1999 – 2004: Manager of Computation Center

At the Computation Center at Hadassah College Jerusalem, I led a team of 15 people responsible for shaping and maintaining IT infrastructure including hardware, software, support, and acquisitions.

I was offered this job when a new management team (with whom I previously worked) was assigned to the college. The information situation was in terrible shape. It depended on numerous legacy systems that were used to wield political power. It was impossible to determine how many students were in the college.

I founded a computation center that included three teams:

  1. A Systems Administration team was responsible for servers and network infrastructures.
  2. A Technical Support team was responsible for the installation and maintenance of PCs and end-user support.
  3. An in-house Software Development team was created to clean up information and to build a new, custom-built information system (built on Microsoft IIS).
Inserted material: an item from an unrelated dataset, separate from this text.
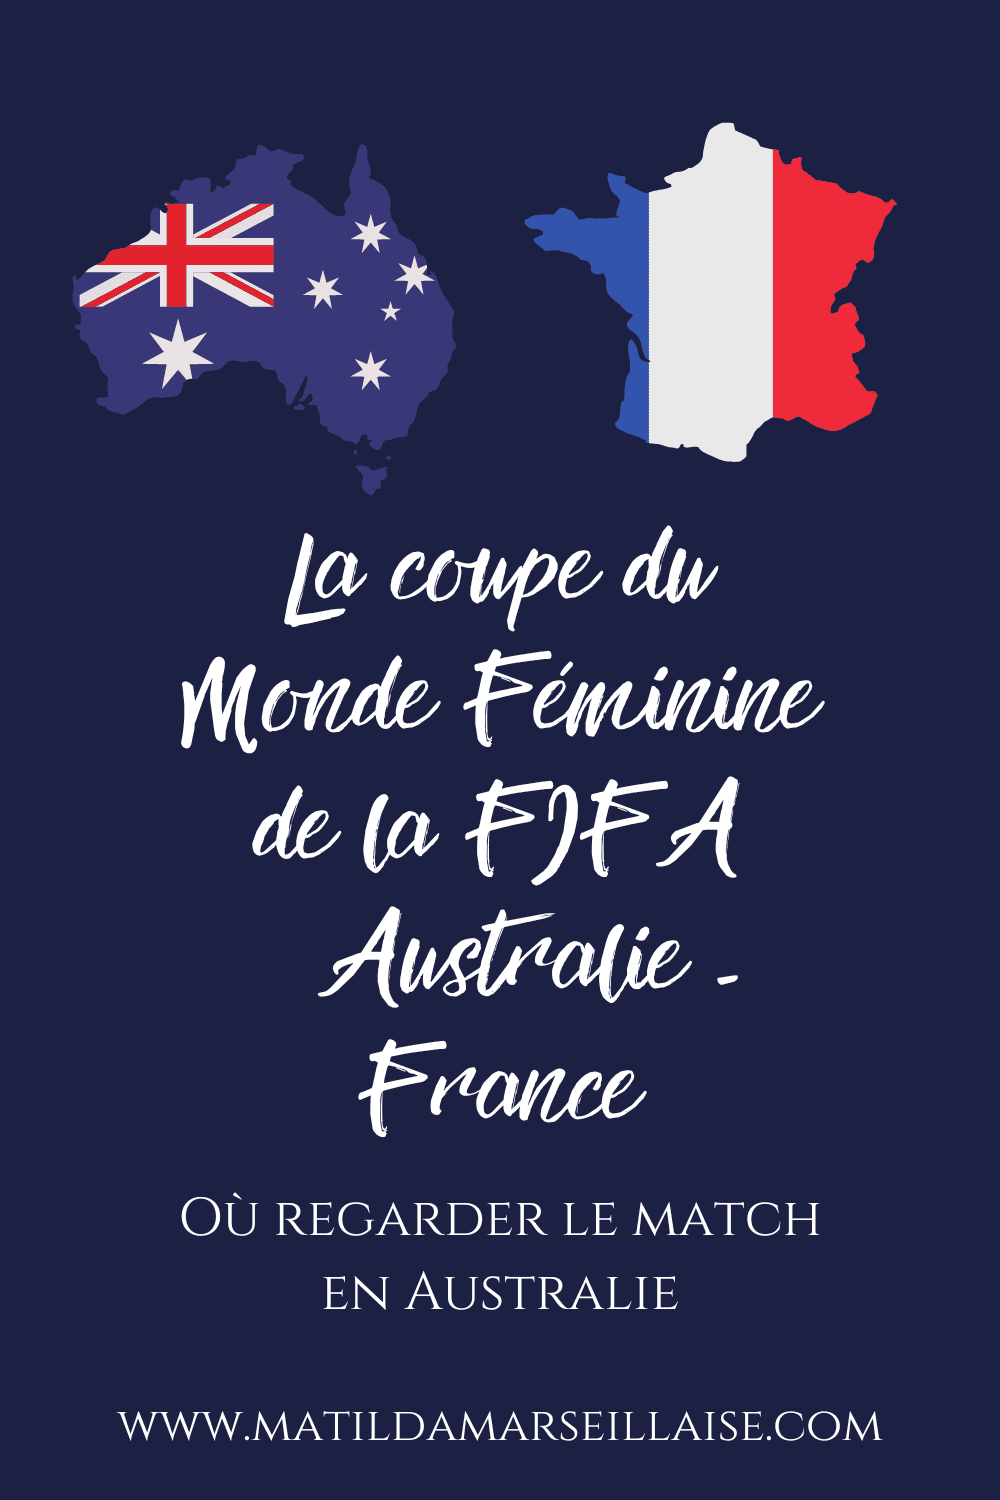 Australia - France en Australie

Software Design Challenges

  1. Legacy Systems – the organization housed two colleges who were running two separate informations both with poor data integrity and validity. Management needed an integrated and reliable solution.
  2. Legacy Culture – the two legacy systems were controlled by two (legacy) administrative users who mediated all information access (input and output processes and needs) and wielded this mediation as political currency.
  3. Data cleanup – a rigorous process of sorting and integrating information from paper archives and the legacy information systems. This required tight collaboration between the developers of different modules/capabilities with the different academic departments. Eg: the developer who owned the grades subsystem also owned major data collection, input, cleanup and verification proceses.
  4. Technological Feasibility Study – demonstrating that a web-based decenralized information system was feasible (this was not obvious at the time) using Microsoft IIS.
  5. Information Architecture – creating an architecture that could grow and evolve as new solutions were built and new procedures were put in place.
  6. Developing a Living System – establishing development processes that made it possible to gradually introduce new capabilities (and migrate away from legacy systems) while the systems were running production (frequent and modular deployment).

In addition to my managerial role, I also taught systems analysis to 2nd-year software engineering students in the technical college (the vocational 2-year training college).